- Exercise details -
Everything from the line containing "John Lewis &" to the last line of the listing below should be restated exactly, both ends included, with nothing added and the pictures omitted.

- Given data -

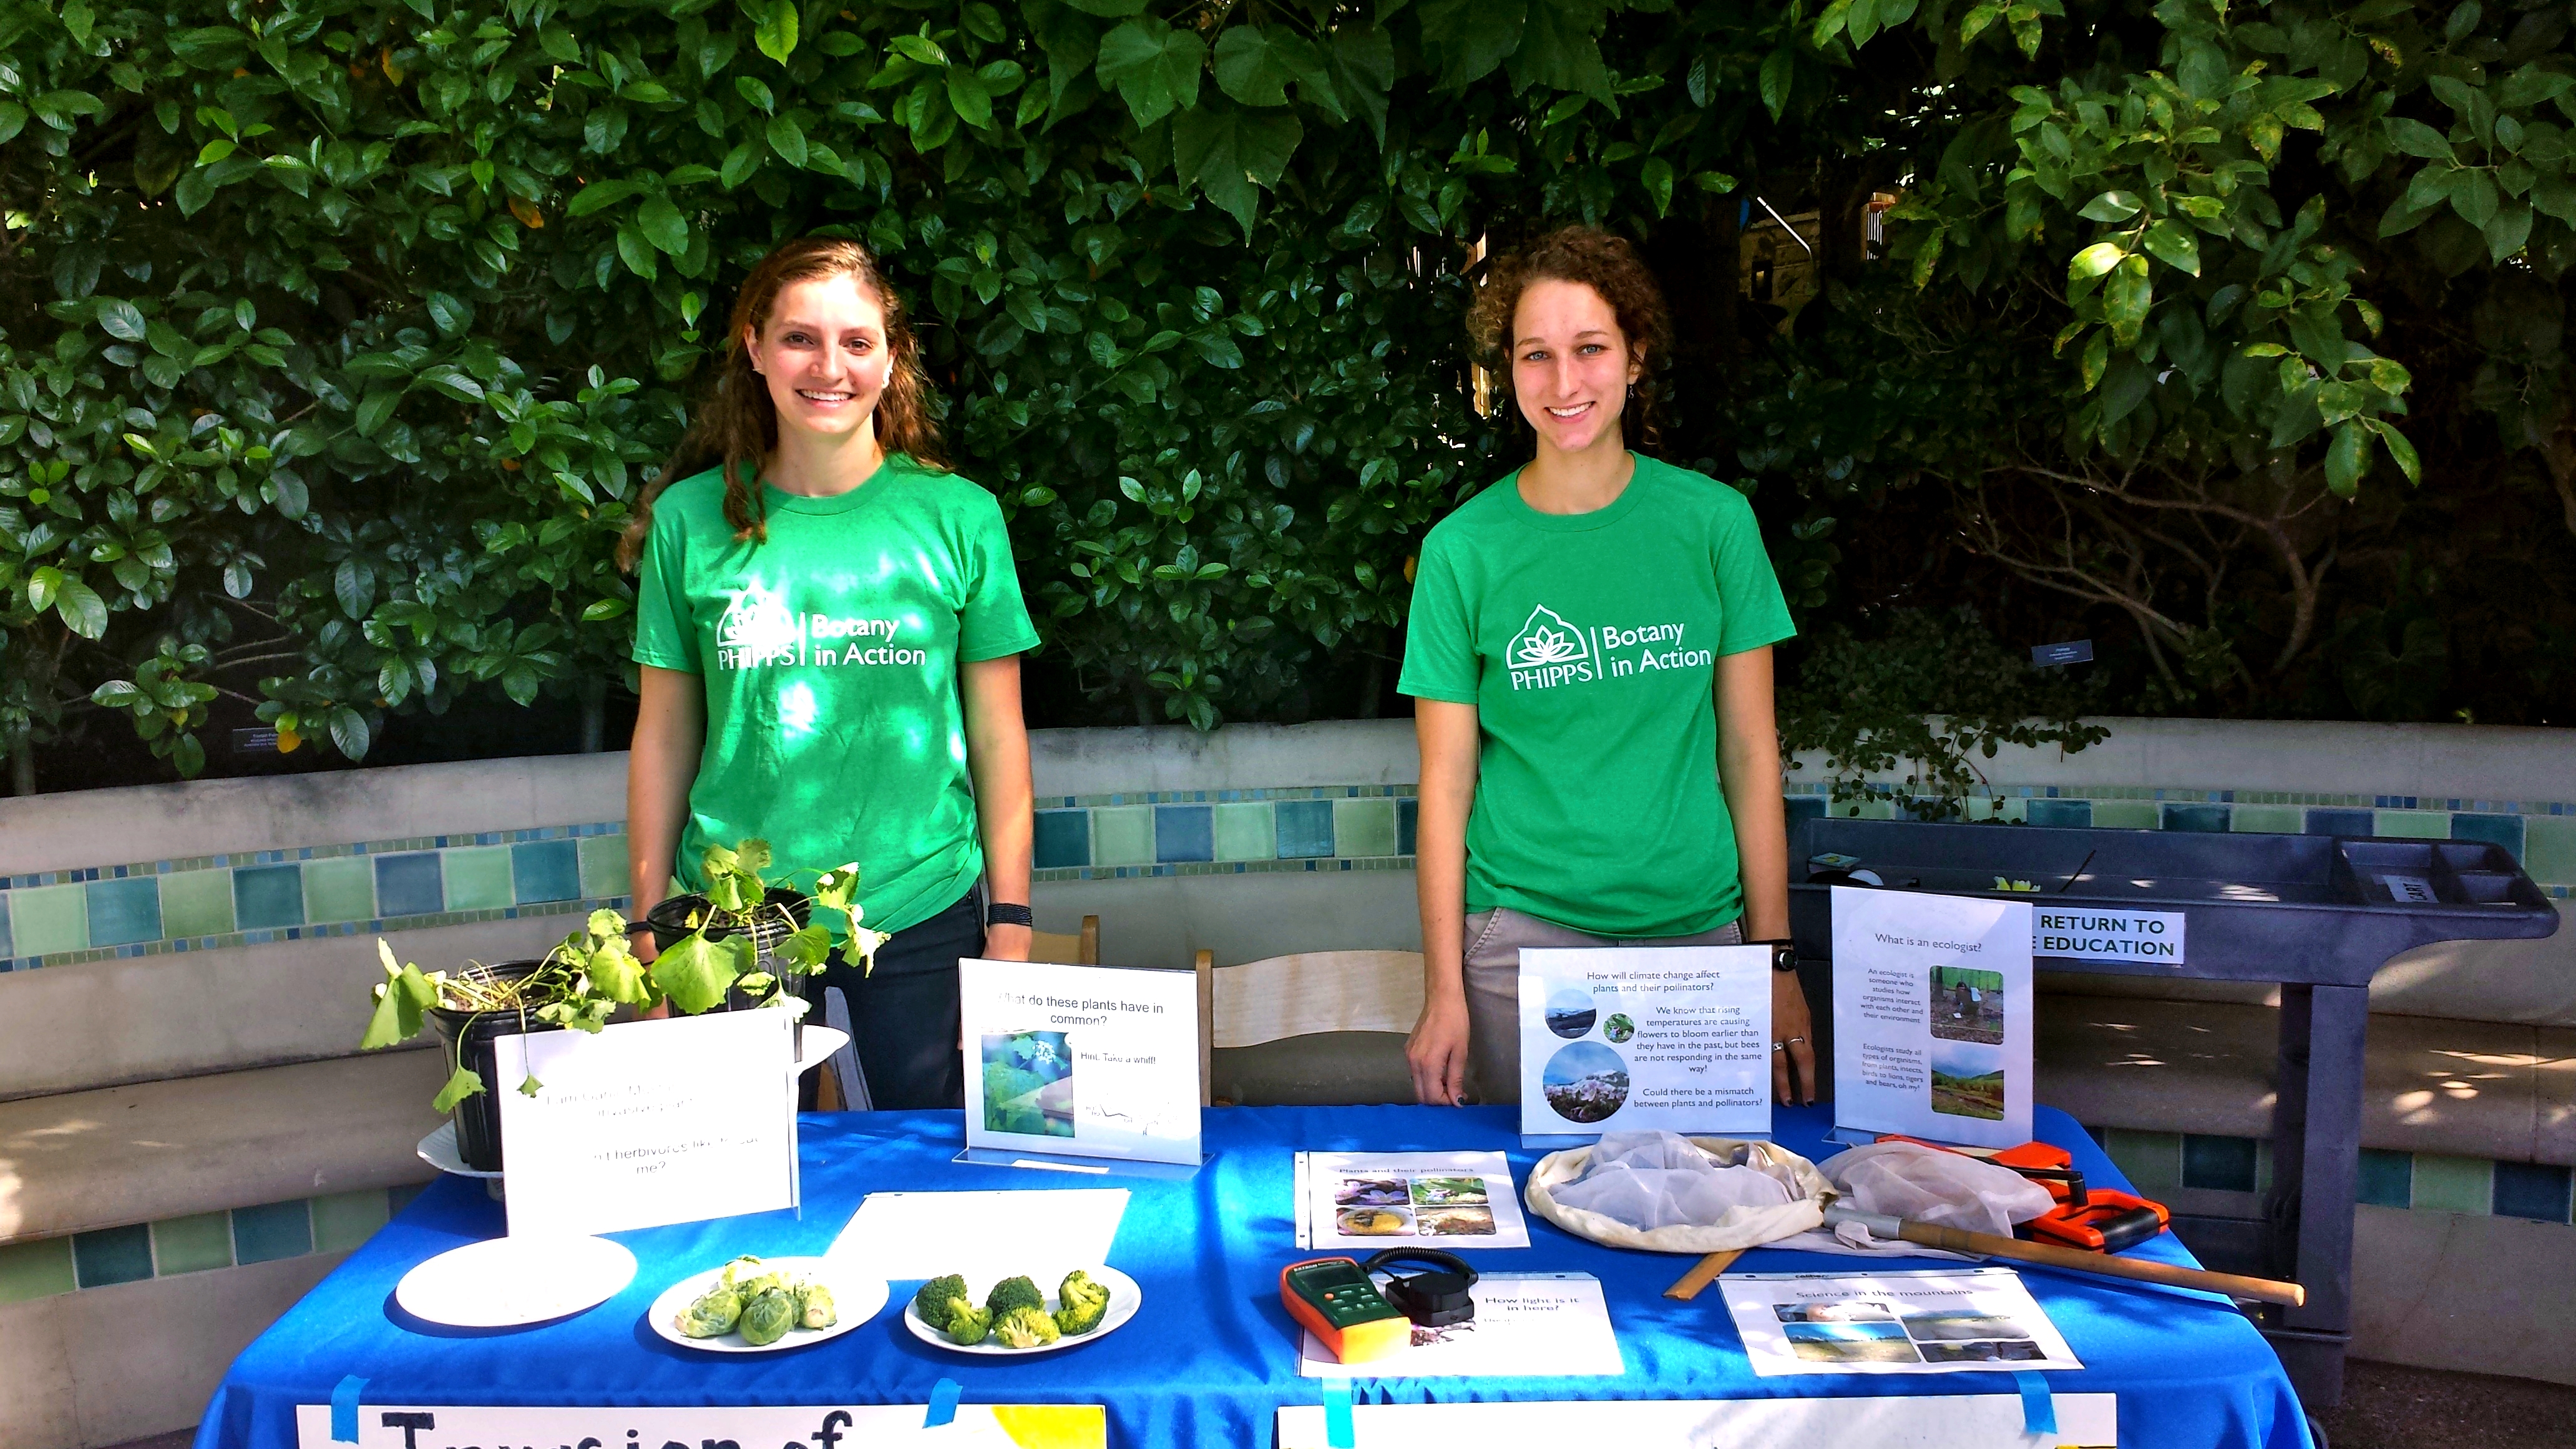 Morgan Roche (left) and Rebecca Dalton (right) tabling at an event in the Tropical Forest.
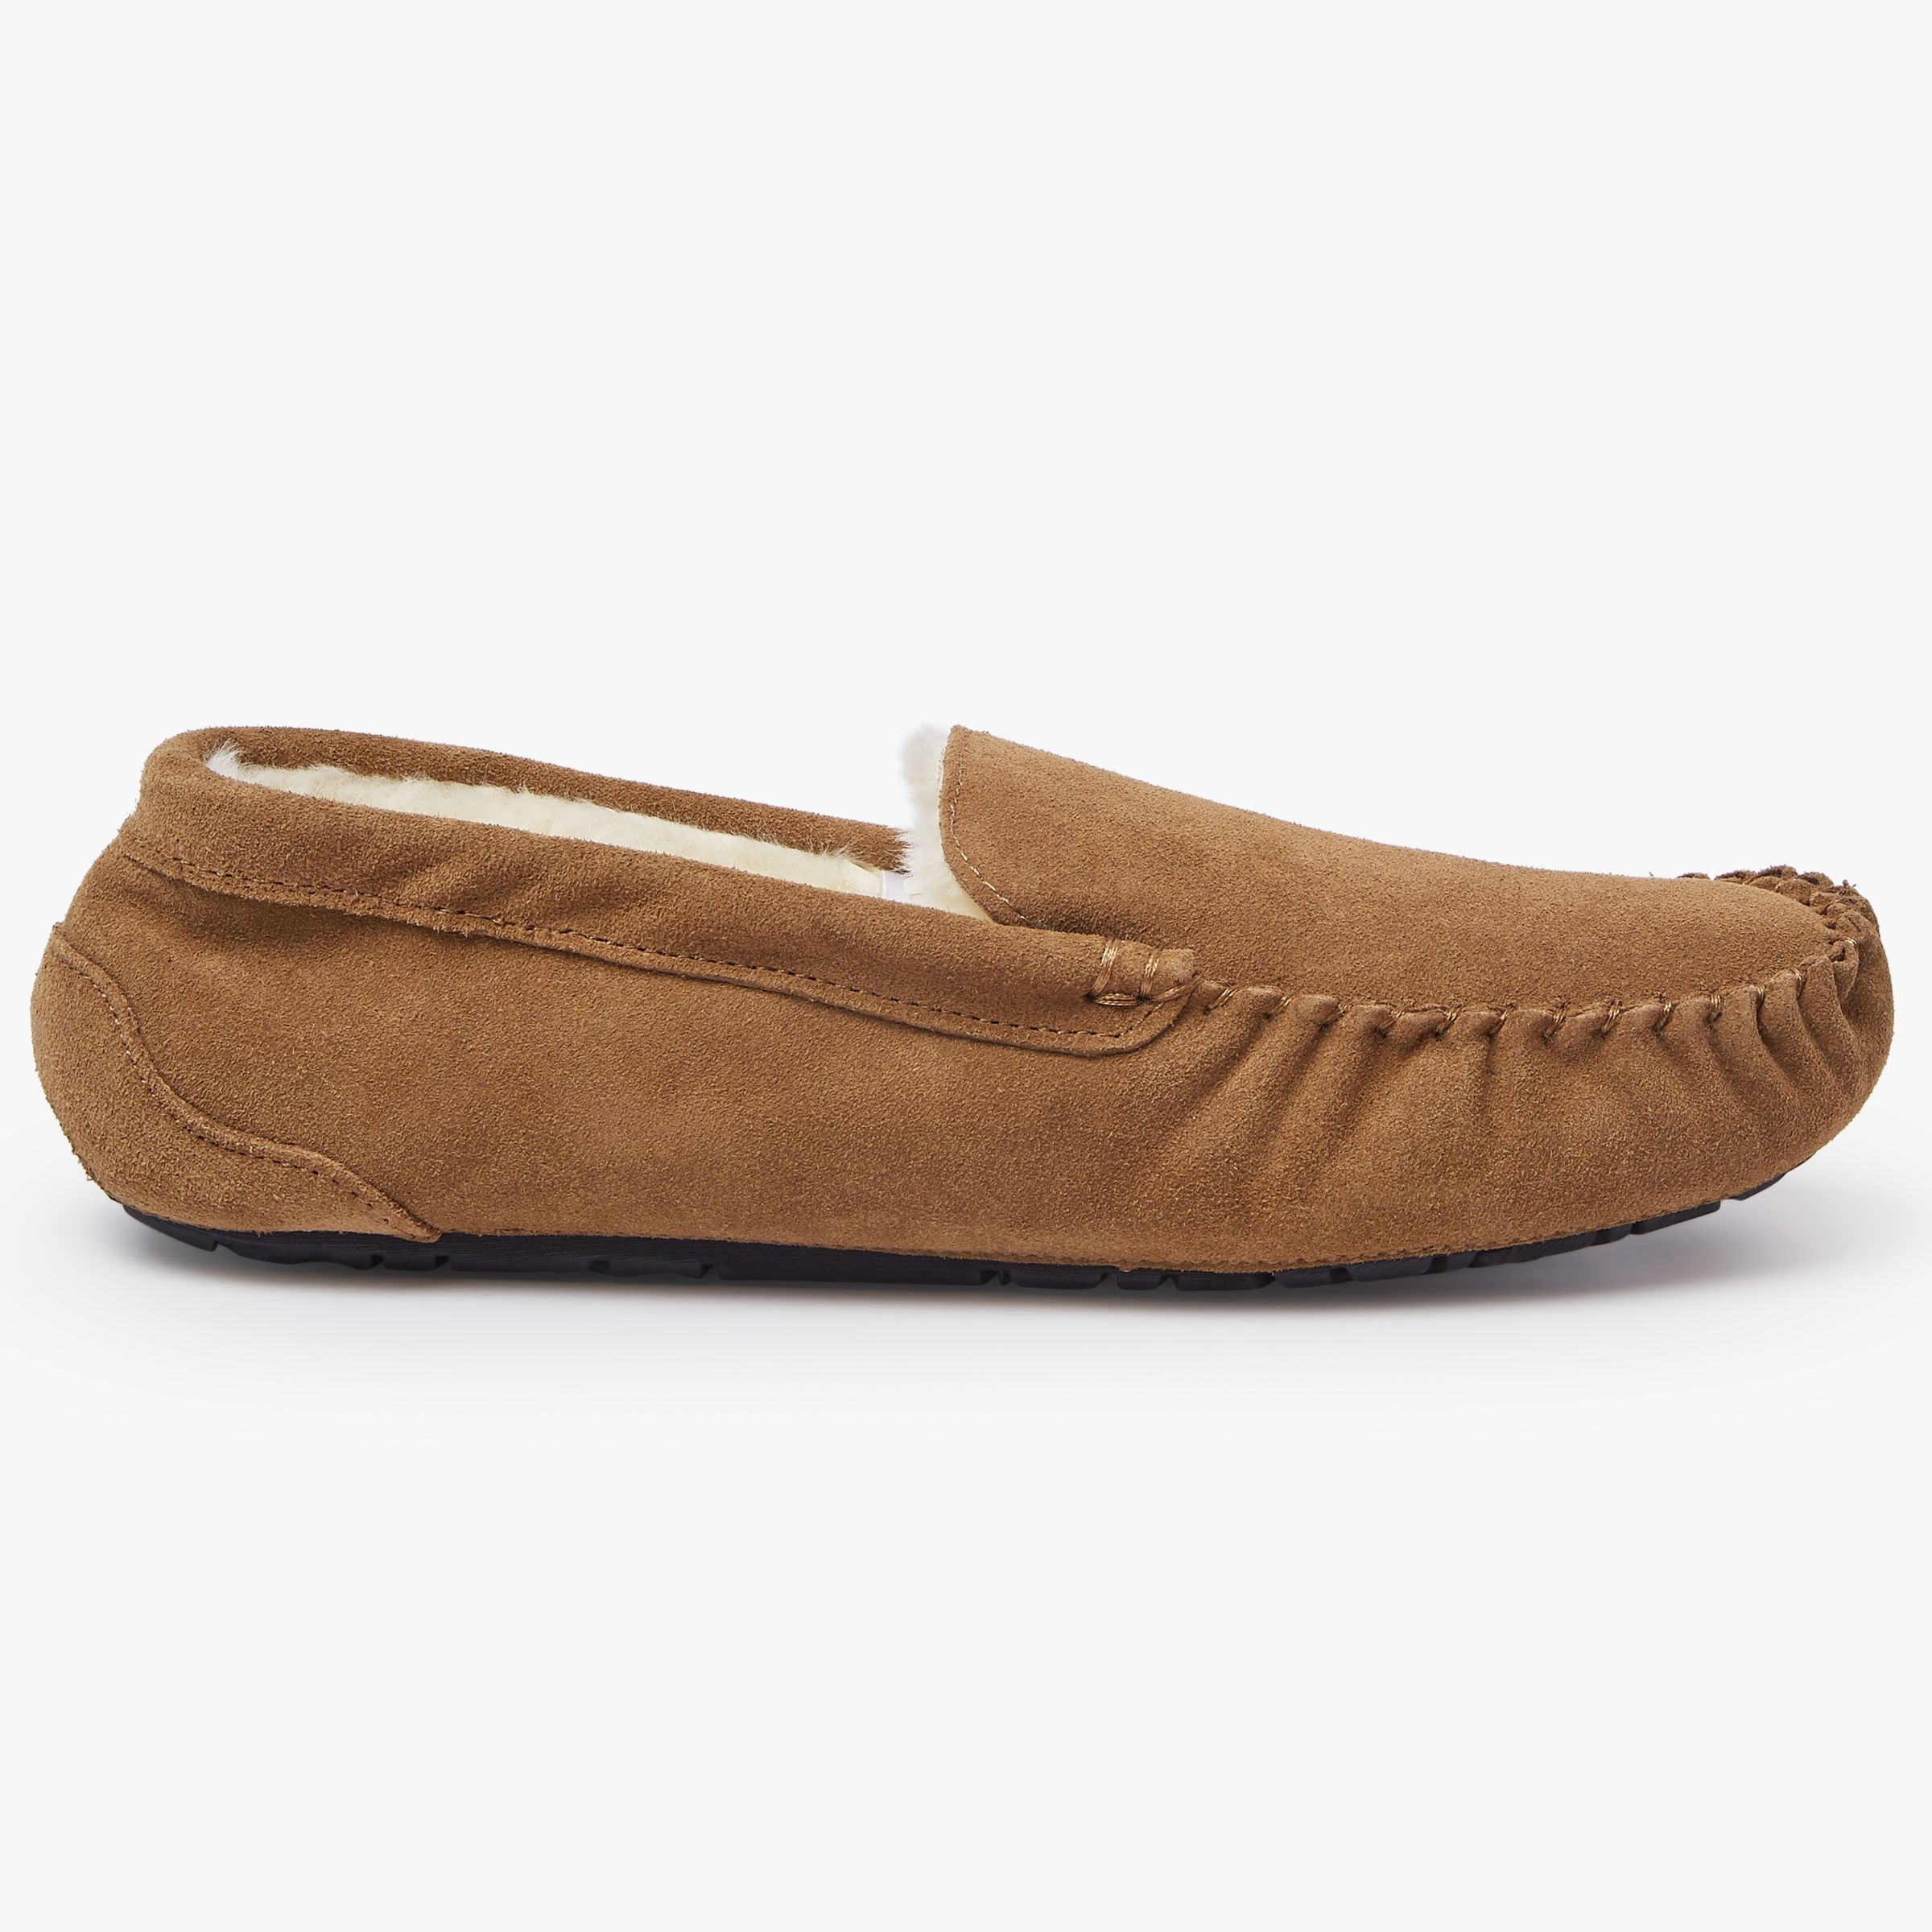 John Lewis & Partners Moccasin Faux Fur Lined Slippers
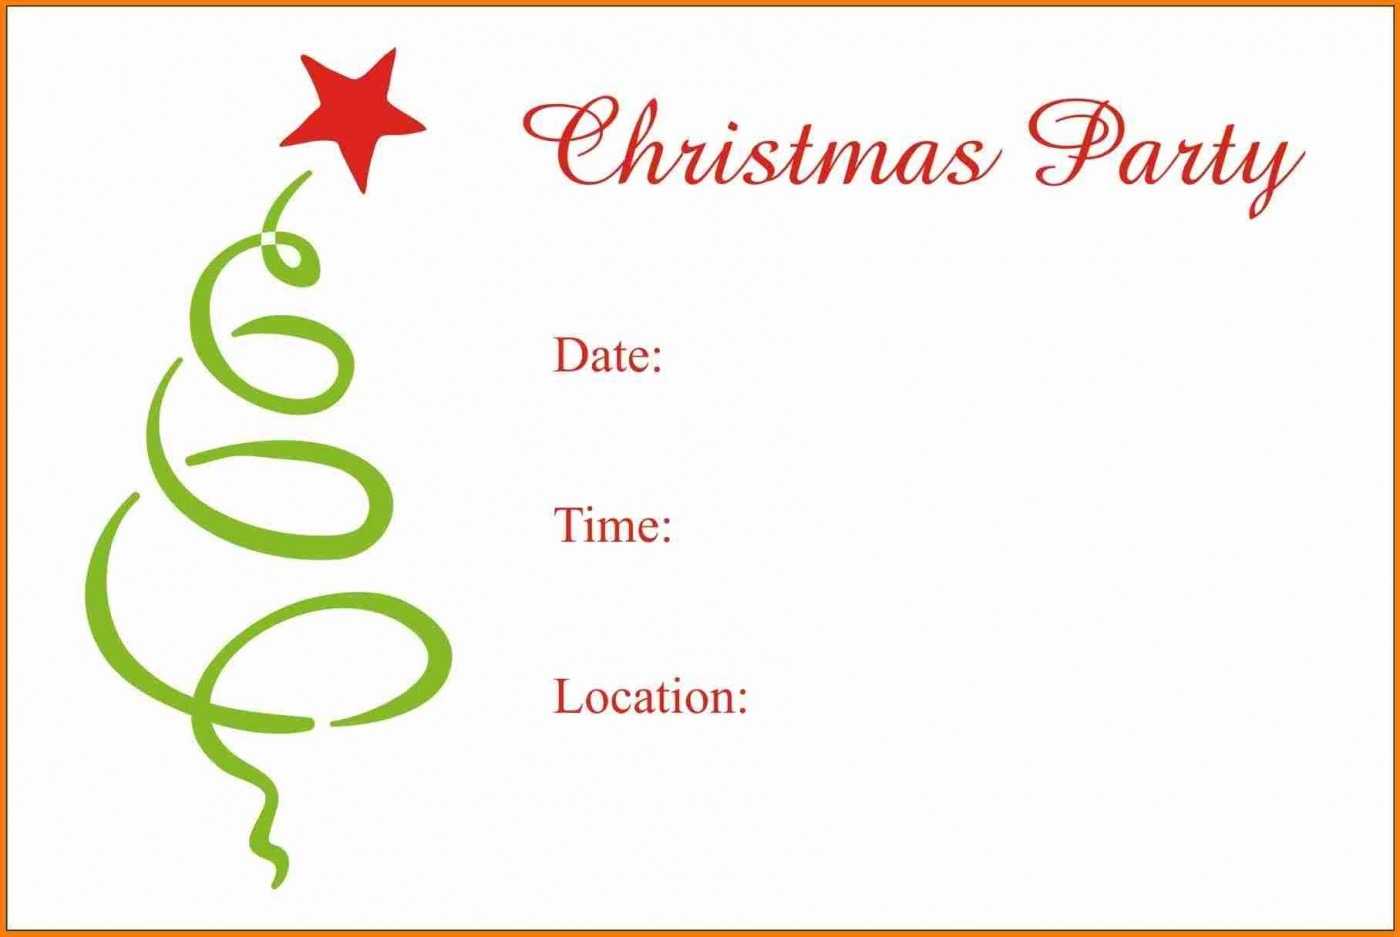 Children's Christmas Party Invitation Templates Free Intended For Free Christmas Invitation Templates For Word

- Expected answer -
 John Lewis & Partners Moccasin Faux Fur Lined Slippers
 Children's Christmas Party Invitation Templates Free Intended For Free Christmas Invitation Templates For Word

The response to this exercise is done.